Все дело в том, что экономисты практические, прикладные, работают в системе союзной экономики, они обслуживают советскую промышленность и снабжение. И то и другое разваливается на глазах с катастрофической скоростью. Поэтому востребованы специалисты не по экономике нынешней, сегодняшней, а по экономике будущей, которая должна быть построена в России. Шмелев в своих статьях в «Новом мире» и «Огоньке» впервые формулирует идею отпуска цен — за год до того, как это происходит в реальности. Селюнин настаивает на децентрализации экономики (министерства в том виде, в каком они существуют у нас, не нужны!). Министерств в ельцинском правительстве действительно становится в несколько раз меньше. Черниченко впервые озвучивает «страшную» идею свободной купли-продажи земли (вслед за идеей перехода от колхозов к частному землевладению, фермерству). Свободная продажа земли началась через 20 лет после того, как он это озвучил, но она все-таки началась.

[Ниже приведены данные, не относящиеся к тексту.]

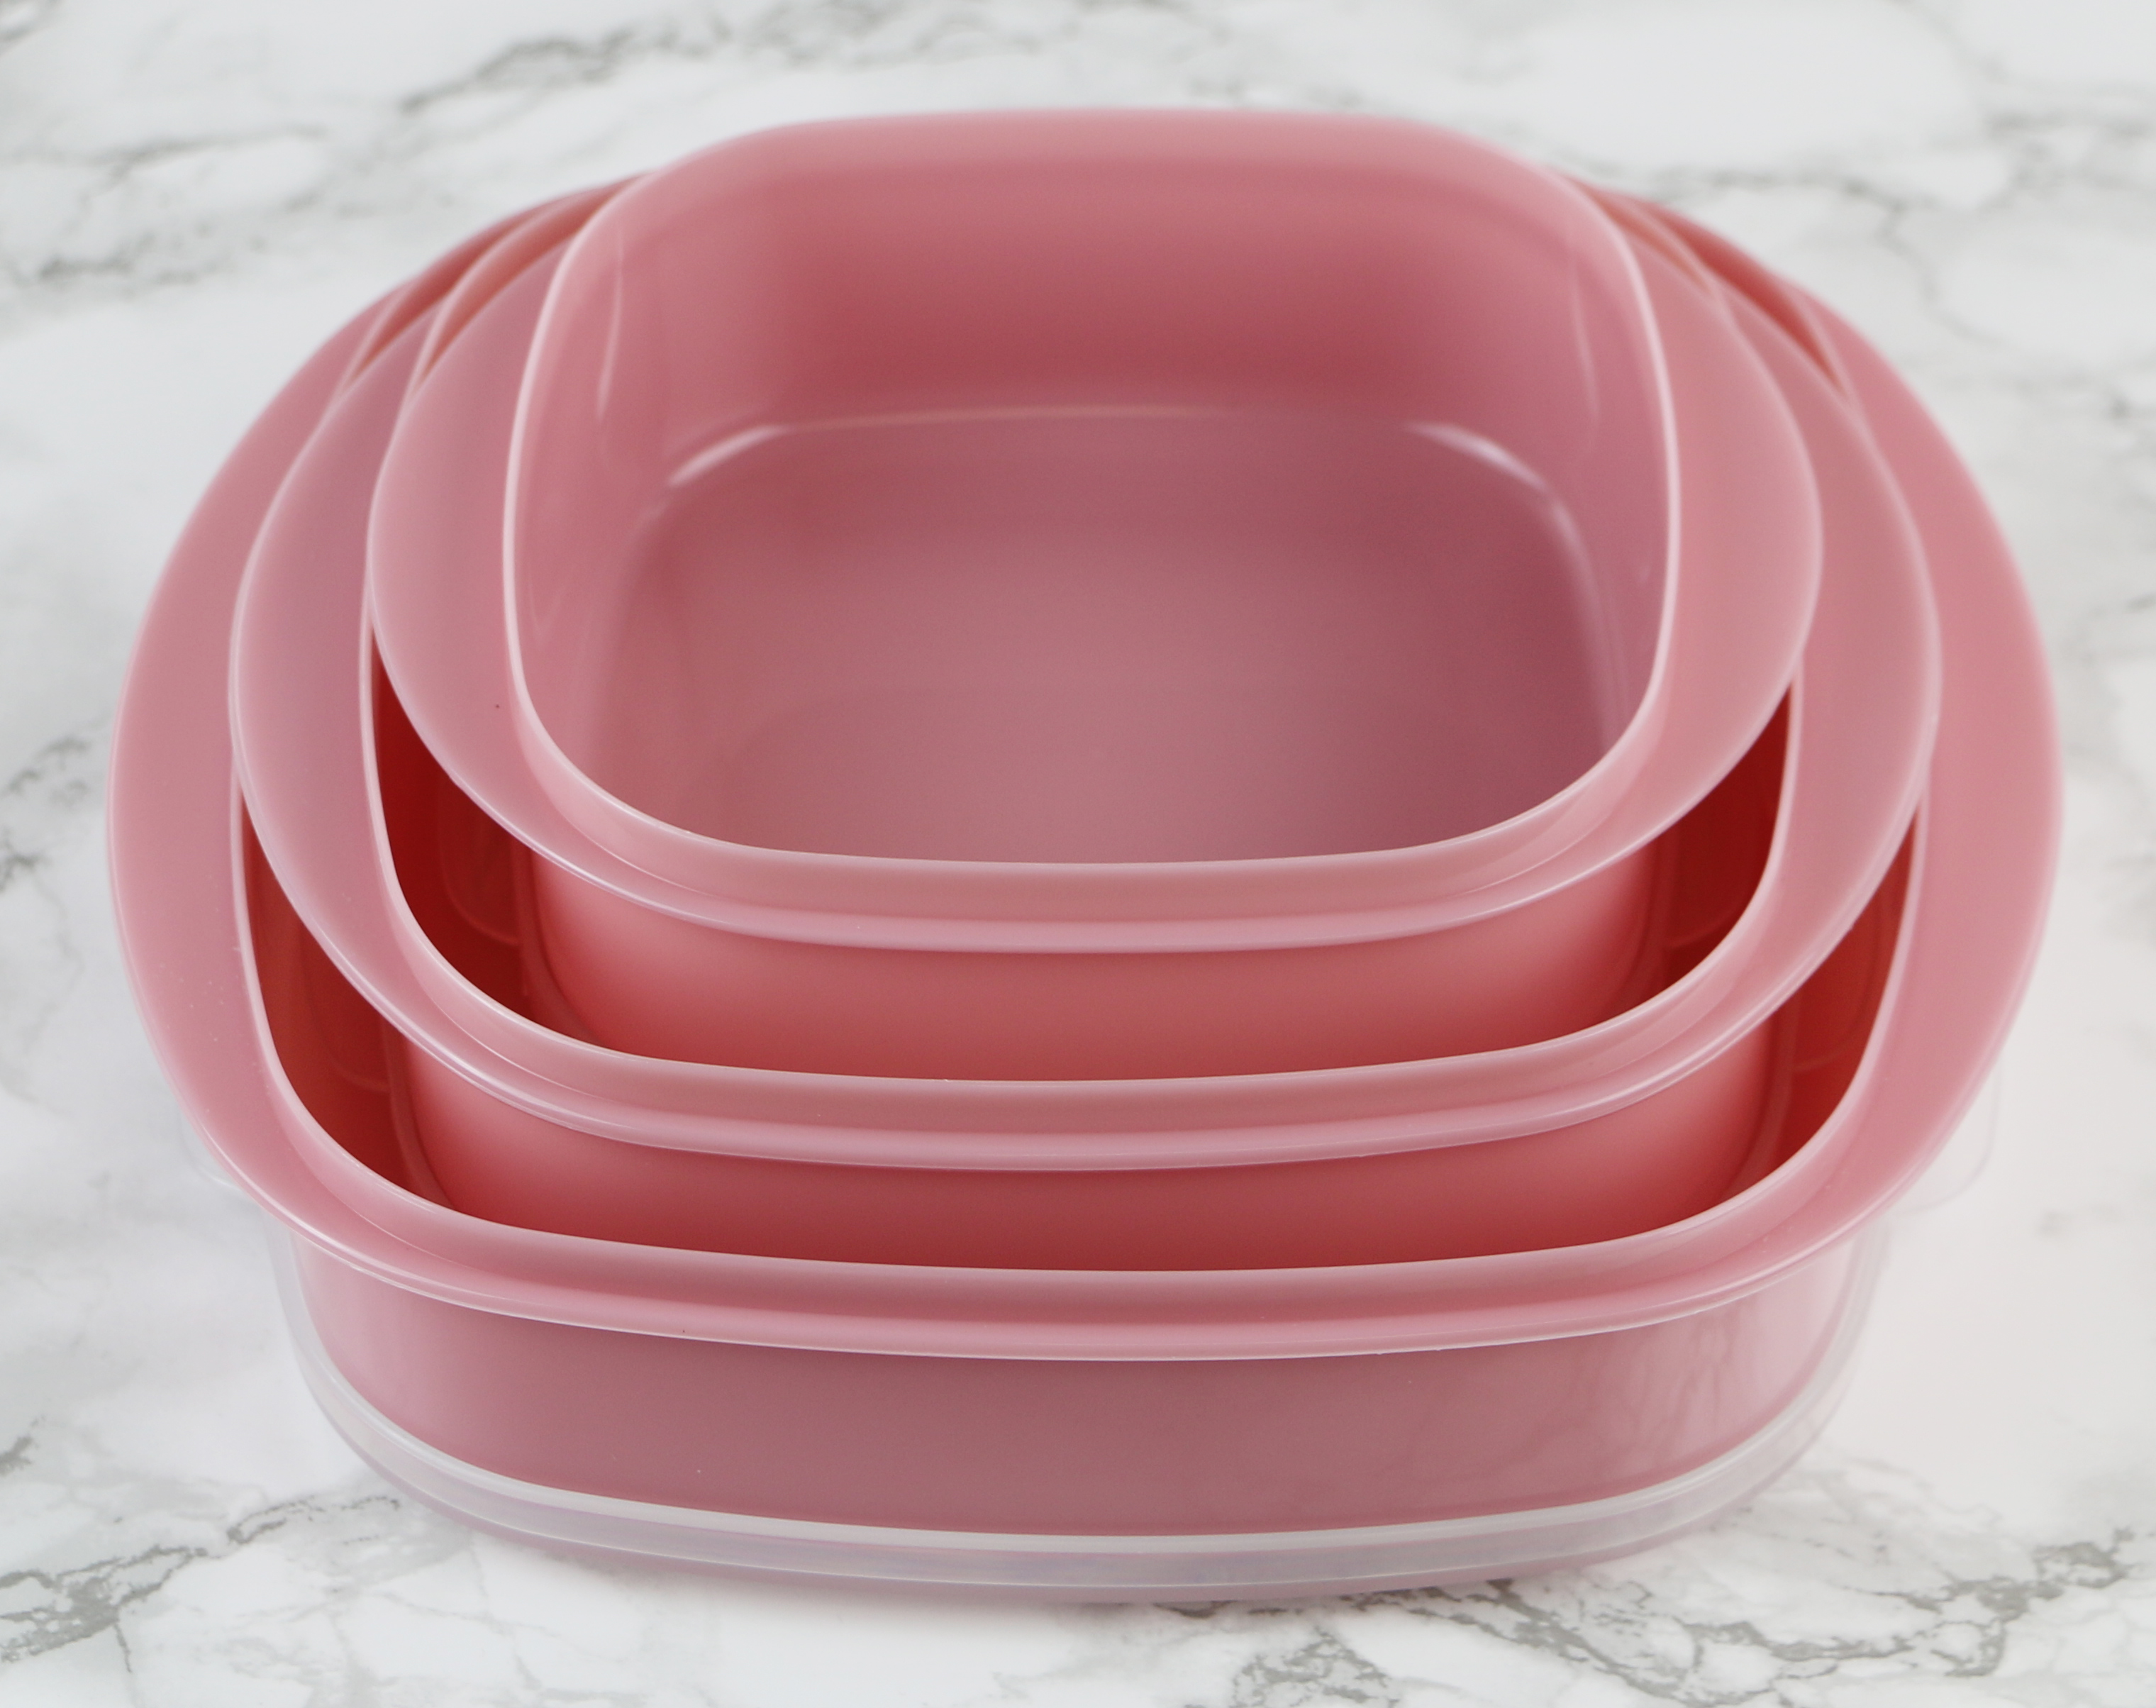 Calypso Basics, Microwave Cookware/ Storage Set, Pink - image 3 of 4

Гайдар — из той же когорты людей, которые специализируются на будущей экономике, но пишет он не для всех, а для профессионалов. Его экономические «обзоры» направляются специалистам, руководителям, людям, принимающим решения.
Итак, Гайдар входит в кабинет Ельцина.
Его встречает седой человек очень высокого роста. Лицо его, конечно, знакомо по телевизору, но есть и отличия — Ельцин улыбается, слушает, редко говорит, у него внимательные, усталые, как будто застывшие в напряжении глаза. Этого по телевизору не увидишь…
Гайдар почти вдвое младше Ельцина, и, главное, в нем есть та победительная уверенность, которой недостает всем остальным претендентам. Он как бы обладает тайным знанием, которого нет ни у кого из тех, кто до сих пор мыслит в категориях «социалистического планирования».
Молодая команда гайдаровских экономистов, по заданию госсекретаря России Бурбулиса, уже сидит на госдаче в Волынском и пишет экономическую программу. В этой команде есть специалисты по приватизации, по валютному рынку, по иностранным инвестициям, по свободному рынку акций и облигаций. То есть специалисты именно по будущей экономике. В среде официальных советских экономистов таких специалистов конечно же нет и не может быть. Чубайс, Федоров, Авен, Шохин, Нечаев, Лопухин — он называет фамилии с уверенностью командира спецназа, и в этом тоже звучит интонация победителя, который уверен — почти так же как Ельцин — в своей невероятной силе.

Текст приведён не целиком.